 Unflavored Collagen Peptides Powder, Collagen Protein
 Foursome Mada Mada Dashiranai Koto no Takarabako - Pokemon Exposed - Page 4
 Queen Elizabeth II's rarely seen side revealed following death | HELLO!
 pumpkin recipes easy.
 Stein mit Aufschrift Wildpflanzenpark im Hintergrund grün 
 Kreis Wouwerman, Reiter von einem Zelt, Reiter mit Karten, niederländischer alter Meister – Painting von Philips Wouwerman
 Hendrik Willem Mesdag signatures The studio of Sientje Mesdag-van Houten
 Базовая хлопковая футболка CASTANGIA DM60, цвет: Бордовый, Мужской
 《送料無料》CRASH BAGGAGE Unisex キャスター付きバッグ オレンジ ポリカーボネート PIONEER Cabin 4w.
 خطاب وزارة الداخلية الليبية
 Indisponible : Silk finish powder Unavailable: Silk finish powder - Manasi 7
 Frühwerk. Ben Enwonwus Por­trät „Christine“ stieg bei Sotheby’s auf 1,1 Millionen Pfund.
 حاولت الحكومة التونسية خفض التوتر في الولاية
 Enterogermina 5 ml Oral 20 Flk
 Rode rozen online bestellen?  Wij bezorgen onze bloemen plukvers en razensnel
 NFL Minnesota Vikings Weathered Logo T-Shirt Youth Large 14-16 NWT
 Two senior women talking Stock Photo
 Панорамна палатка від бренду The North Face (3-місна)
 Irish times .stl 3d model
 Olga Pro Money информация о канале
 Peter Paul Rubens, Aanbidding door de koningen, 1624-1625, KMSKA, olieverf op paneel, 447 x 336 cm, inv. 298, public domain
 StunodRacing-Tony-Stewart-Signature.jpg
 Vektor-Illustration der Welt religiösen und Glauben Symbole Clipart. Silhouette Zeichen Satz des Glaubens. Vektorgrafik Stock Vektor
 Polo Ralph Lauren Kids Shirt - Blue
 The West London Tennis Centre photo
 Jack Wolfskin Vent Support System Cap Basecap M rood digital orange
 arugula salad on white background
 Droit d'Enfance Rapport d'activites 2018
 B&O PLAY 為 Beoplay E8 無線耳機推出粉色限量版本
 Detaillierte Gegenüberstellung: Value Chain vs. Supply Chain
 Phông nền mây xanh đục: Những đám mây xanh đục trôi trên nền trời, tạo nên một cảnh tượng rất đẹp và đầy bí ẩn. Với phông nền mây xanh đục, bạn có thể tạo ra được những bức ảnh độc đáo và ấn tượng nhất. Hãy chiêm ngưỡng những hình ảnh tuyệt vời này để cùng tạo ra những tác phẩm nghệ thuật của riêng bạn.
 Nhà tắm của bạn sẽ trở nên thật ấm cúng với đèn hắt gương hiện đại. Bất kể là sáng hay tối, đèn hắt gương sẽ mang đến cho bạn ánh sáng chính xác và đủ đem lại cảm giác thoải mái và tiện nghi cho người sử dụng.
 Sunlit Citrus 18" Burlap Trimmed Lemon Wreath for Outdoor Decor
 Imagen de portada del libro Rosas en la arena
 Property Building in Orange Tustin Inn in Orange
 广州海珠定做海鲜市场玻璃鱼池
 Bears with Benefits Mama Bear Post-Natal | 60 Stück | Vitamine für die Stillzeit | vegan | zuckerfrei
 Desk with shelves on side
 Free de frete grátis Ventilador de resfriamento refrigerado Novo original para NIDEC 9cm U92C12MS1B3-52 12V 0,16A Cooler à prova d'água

|---|

ACTION ITEM
From the records above, extract exactly and only the lines that begin at the line with "Kreis Wouwerman, Reiter" and stop after the line with "خطاب وزارة الداخلية الليبية".

ANSWER TO THE EXERCISE
 Kreis Wouwerman, Reiter von einem Zelt, Reiter mit Karten, niederländischer alter Meister – Painting von Philips Wouwerman
 Hendrik Willem Mesdag signatures The studio of Sientje Mesdag-van Houten
 Базовая хлопковая футболка CASTANGIA DM60, цвет: Бордовый, Мужской
 《送料無料》CRASH BAGGAGE Unisex キャスター付きバッグ オレンジ ポリカーボネート PIONEER Cabin 4w.
 خطاب وزارة الداخلية الليبية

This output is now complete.